Второе важное замечание касательно нашей трансцендентальной эстетики состоит в том, что она не должна быть принимаема только как вероятная гипотеза, но что она так достоверна, как можно того требовать от теории, желающей служить органом. Чтоб пояснить эту достоверность, мы изберем какой-нибудь пример, который докажет ее значение и еще более объяснит сказанное нами в § 3.

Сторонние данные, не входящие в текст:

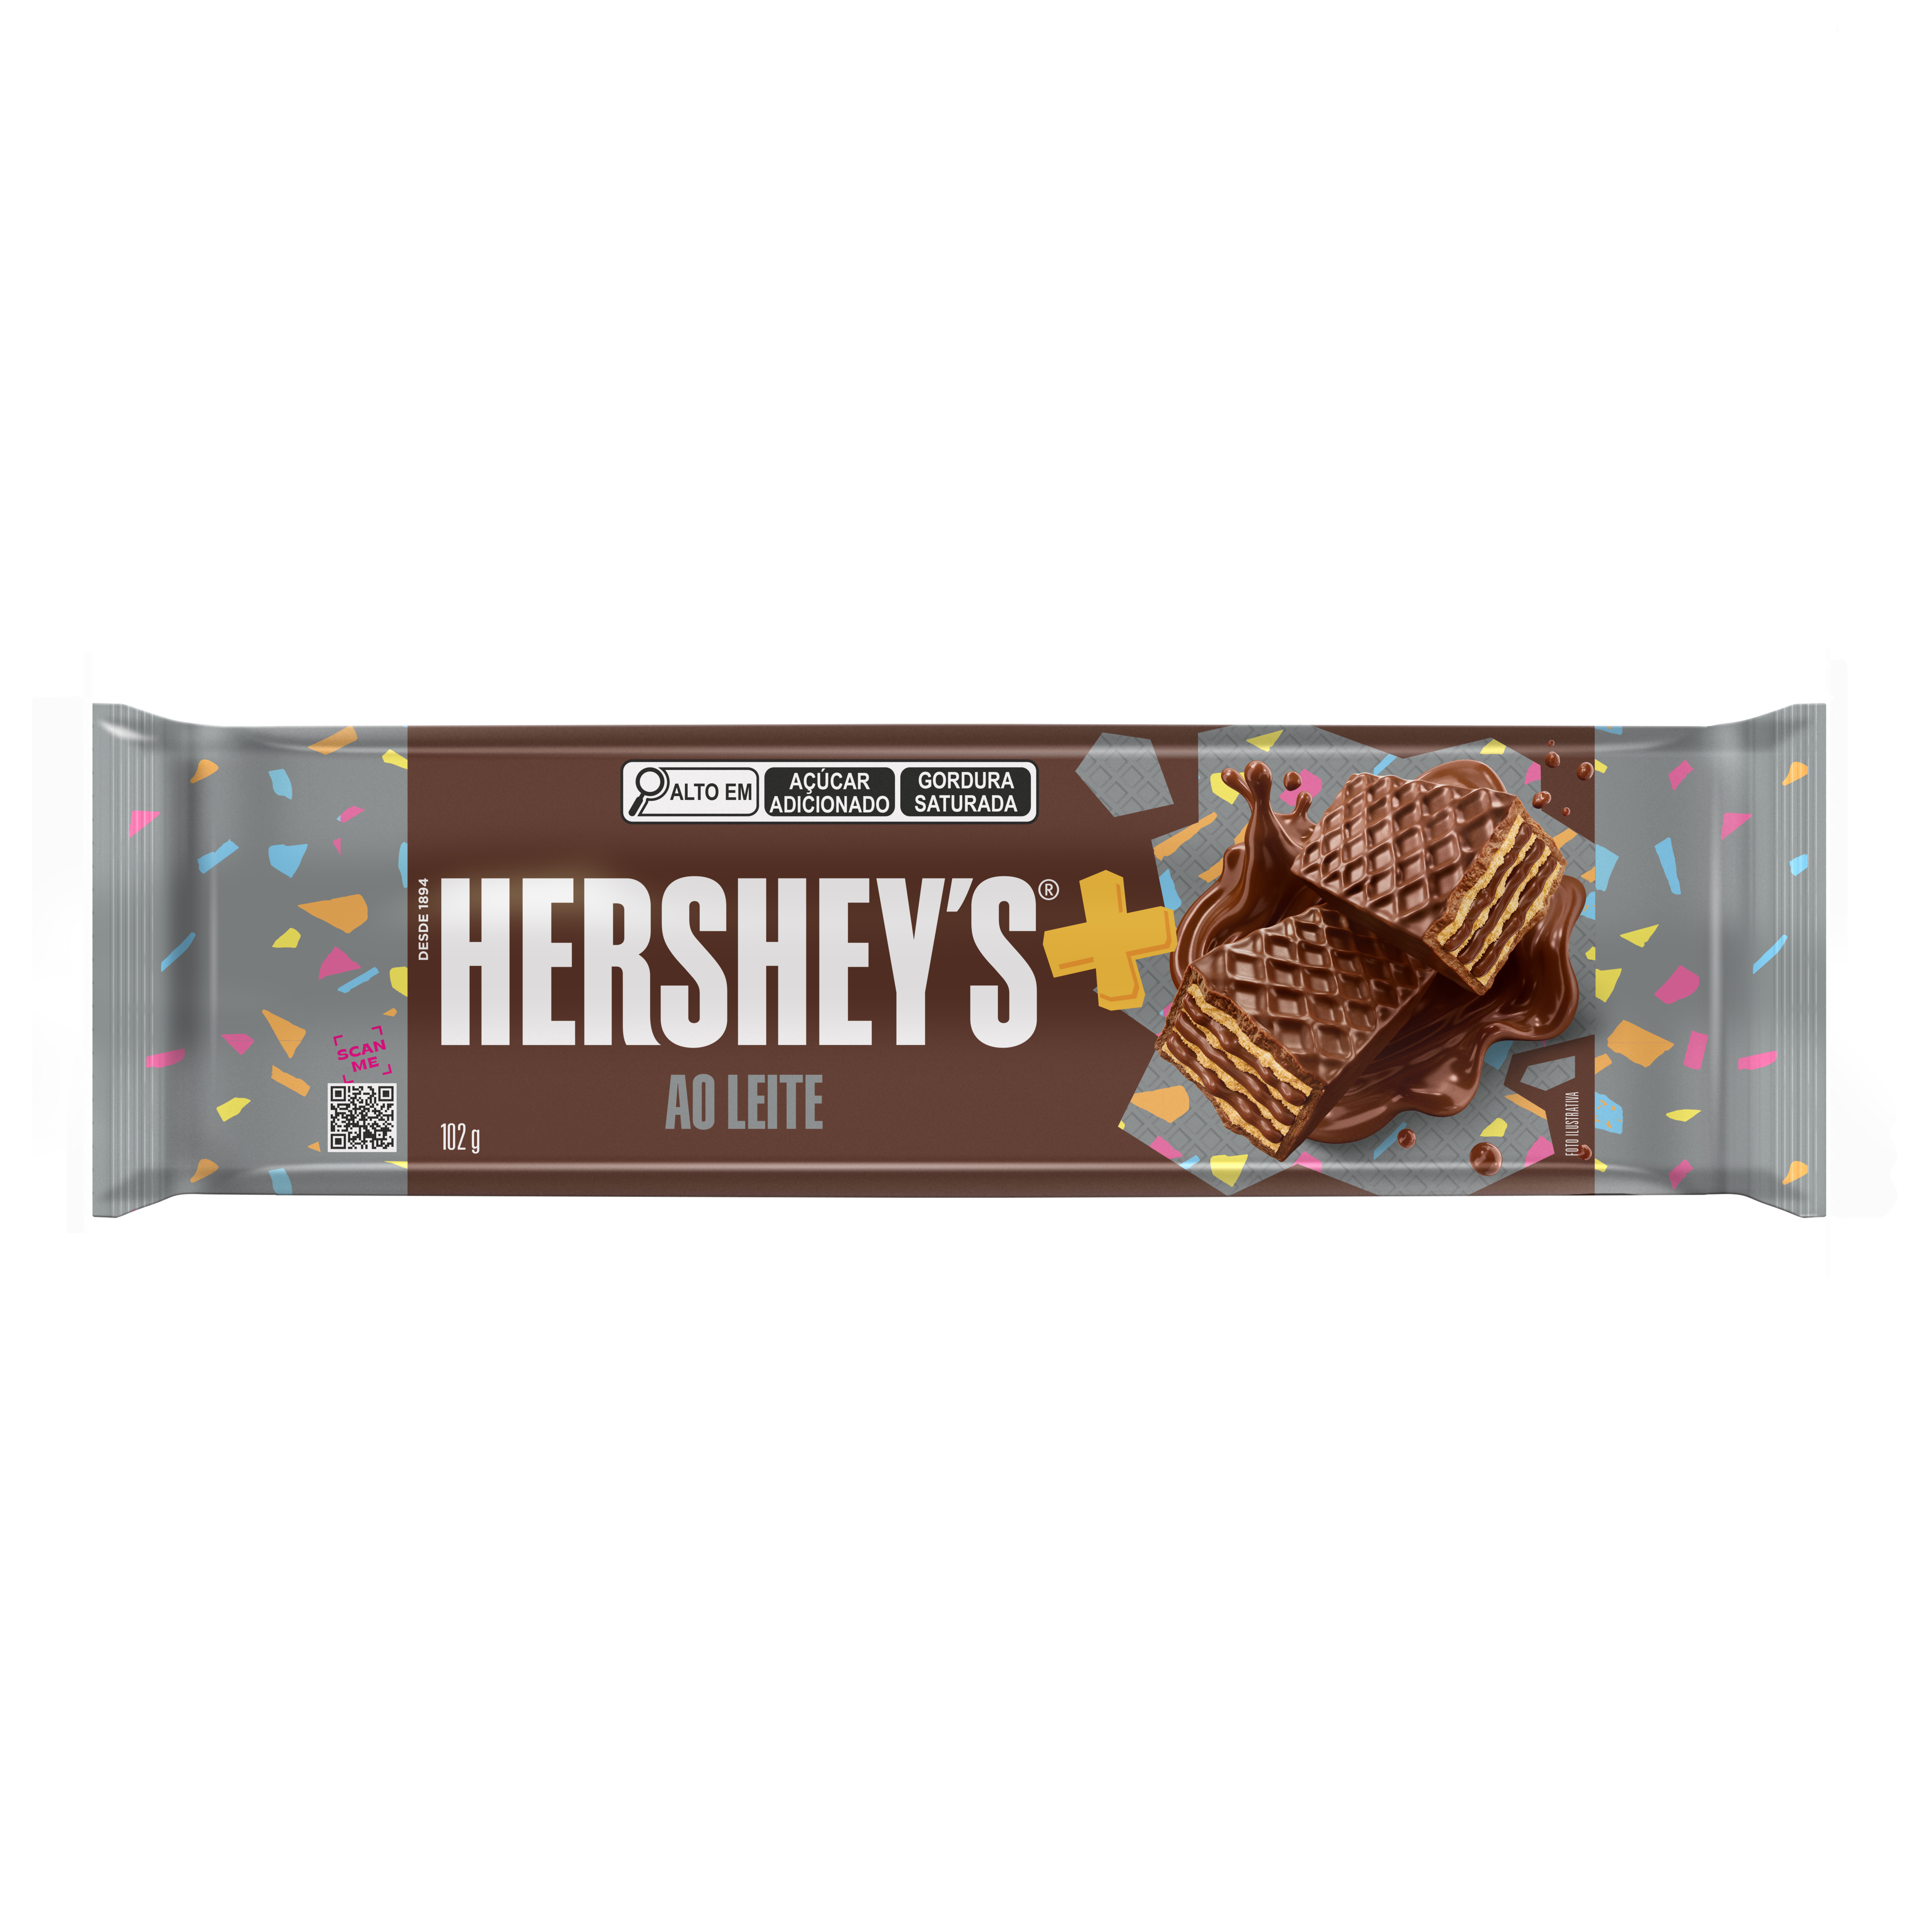 Oferta de Chocolate Hersheys Mais Ao Leite 102g por R$4,39 em Arena Atacado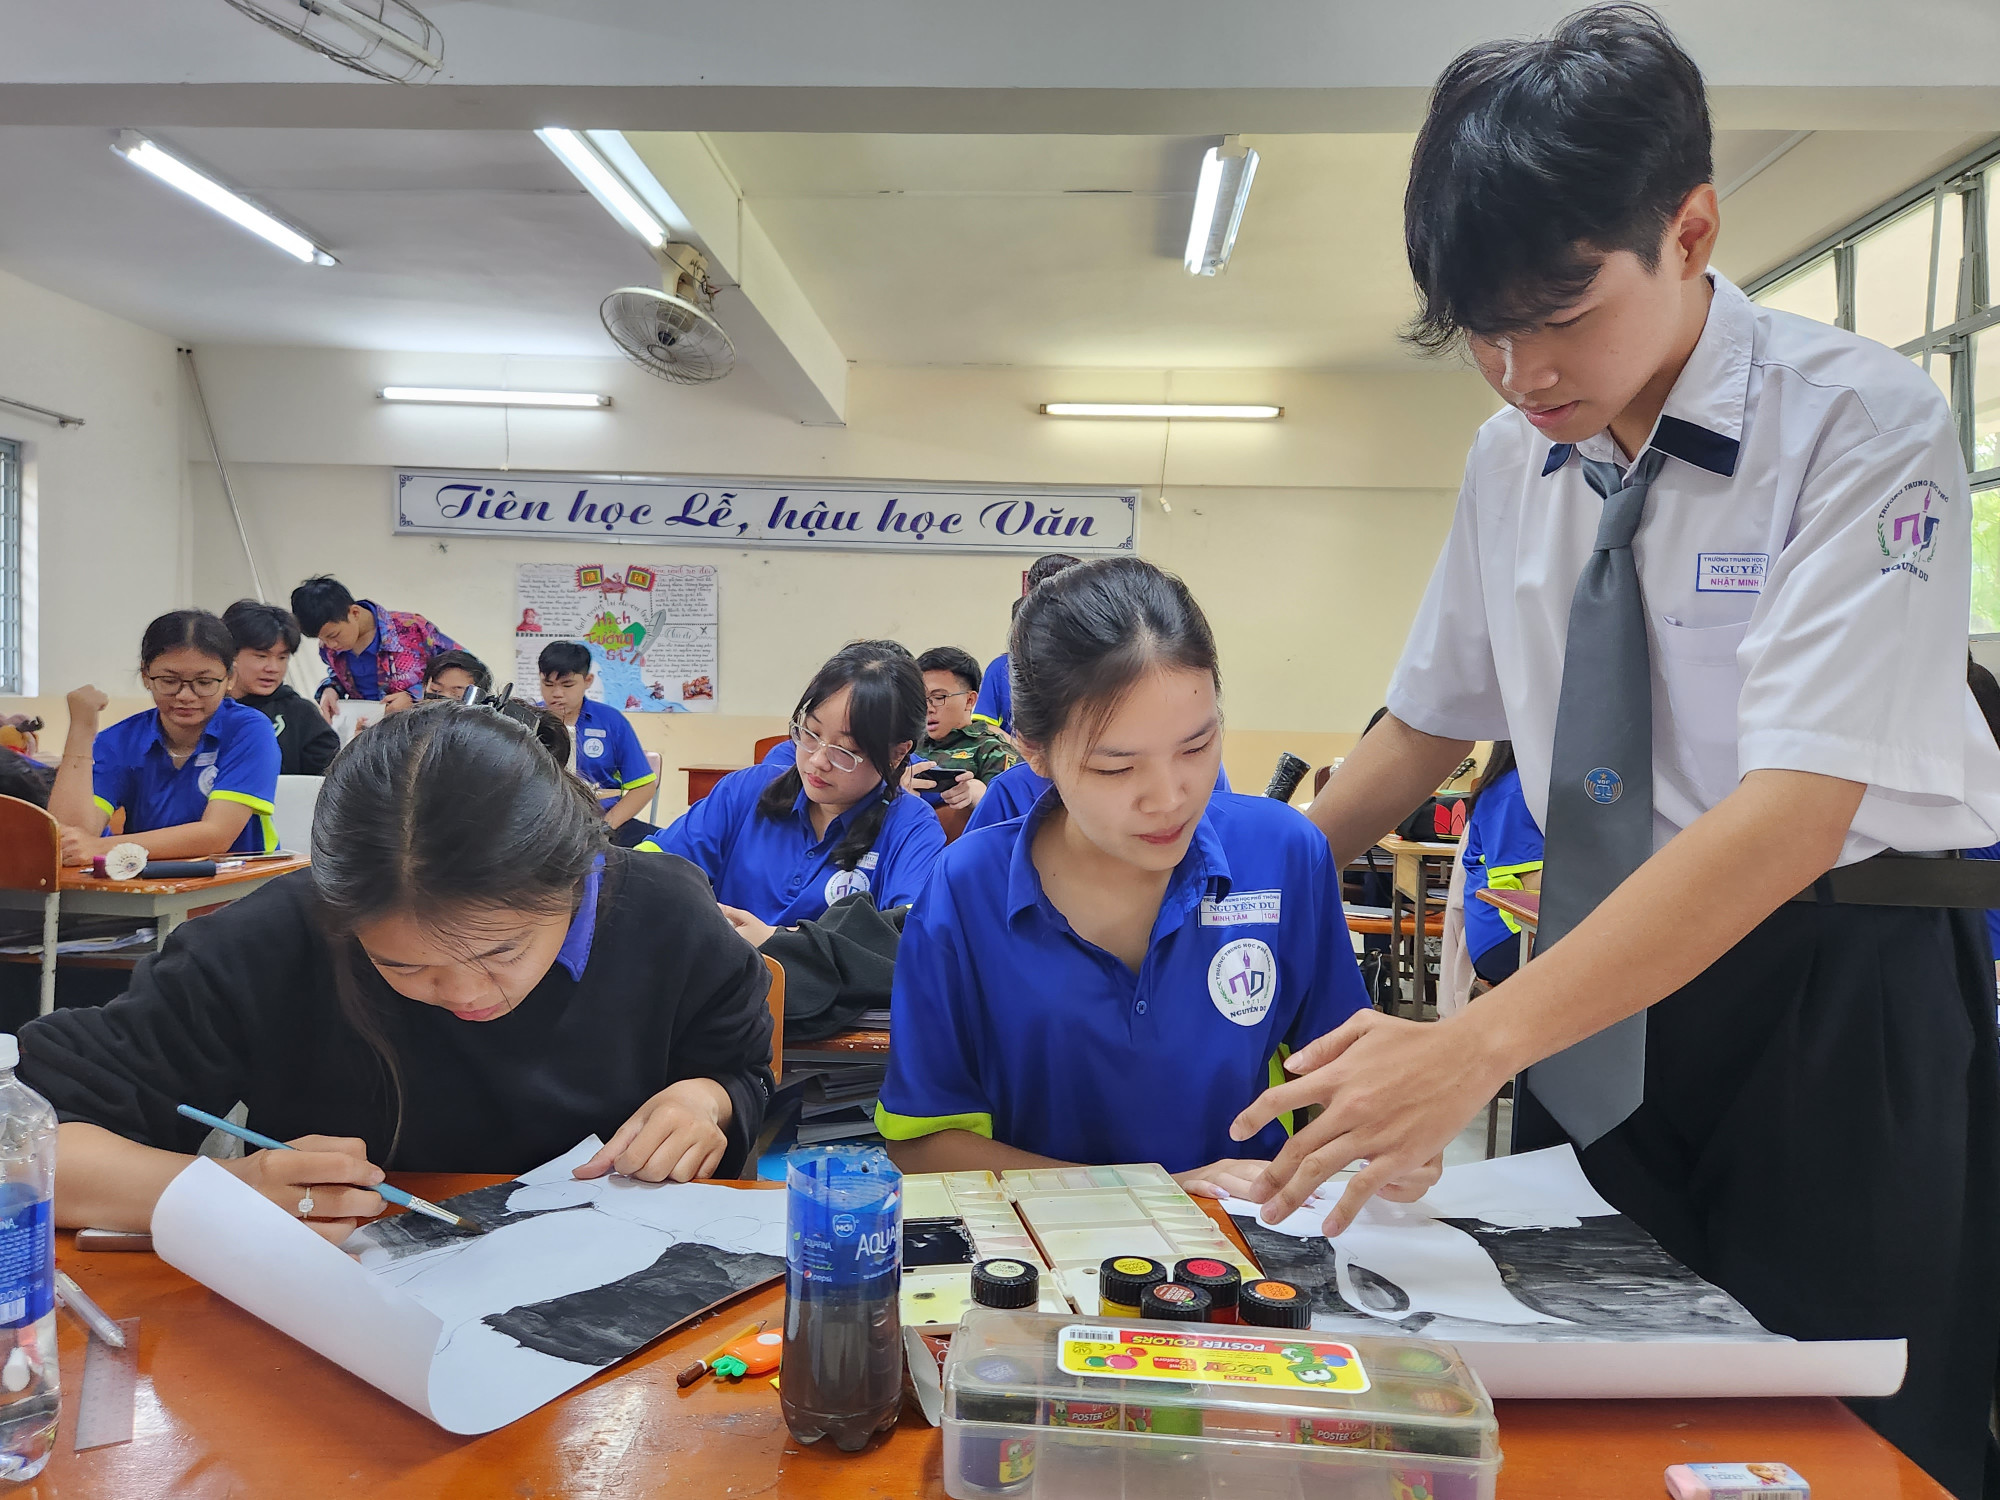 Nguyễn Huỳnh Nhật Minh sắm vai giáo viên mỹ thuật lớp 10A6

Предположим, что пространство и время суть нечто объективное само по себе и составляет условие возможности вещей самих в себе. Прежде всего, очевиден факт, что о том и о другом существуют аподиктические и синтетические суждения априори, и особенно о пространстве, на которое преимущественно обратим здесь наше внимание. Так как положения геометрии познаются синтетически априори и с аподиктической достоверностью, то откуда, спрашивается, берутся подобные положения и что служит опорой рассудку в то время, когда он доходит до таких необходимых и всеобщих истин? Других путей нет к тому, кроме понятий и представлений; те и другие могут быть даны или априори, или апостериори. Но понятия из опыта, равно как и служащие для них представления, тоже опытные, могут дать только опытное синтетическое суждение, следовательно, такое, в котором нет того характера необходимости и абсолютной всеобщности, какой отличает все геометрические положения. Что же касается того, посредством ли понятий или наглядных представлений априори мы доходим до таких познаний, то из понятий, очевидно, невозможно никакое синтетическое познание, а только аналитическое. Возьмите, например, положение «две линии не могут ограничивать какого-нибудь пространства, следовательно, составлять какой-нибудь фигуры» и попробуйте вывести его из понятия прямых линий и числа двух; или выведите из понятий положение «три линии могут составить фигуру». Все усилия будут тщетны, и вы необходимо должны будете прибегнуть к наглядному представлению, как это всегда делается в геометрии. Значит, предмет дается вам в наглядном представлении. Какое же это наглядное представление: чистое ли априори или опытное? Если последнее, то никогда бы из него не могло быть выведено суждение всеобщее и притом аподиктическое: опыт не дает таких суждений. Следовательно, ваш предмет должен быть дан в наглядном представлении, и на последнем должно основываться ваше синтетическое положение.
Но если б в вас не было способности наглядно представлять априори, если б это субъективное условие по форме не было вместе всеобщим условием априори, при котором возможен вообще предмет (внешнего) наглядного представления, если б, наконец, самый предмет (треугольник) был вещью самой в себе, – то как можно было бы сказать, что необходимое только в нашем субъективном построении треугольника должно быть приписано треугольнику самому по себе? Разве можно было бы присоединять к нашим понятиям (трех линий) нечто новое (фигуру), притом необходимо присущее самому предмету, если б последний был дан не нами самими, а существовал независимо от нашего познания? Если б пространство (а также и время) не было только формою нашего наглядного представления, заключающею в себе условие априори, при которых вещи могут стать для нас внешними предметами, то нам невозможно было бы синтетически заключать что-нибудь о внешних предметах. Следовательно, пространство и время суть необходимые, а не вероятные только условия всякого опыта (внутреннего внешнего) и притом суть только субъективные условия всякого нашего представления; мы имеем дело с предметами только как с явлениями, но не как с вещами самими в себе; касательно формы их можно сказать многое априори, но ничего нельзя решить о вещи самой в себе, лежащей в основе этих явлений.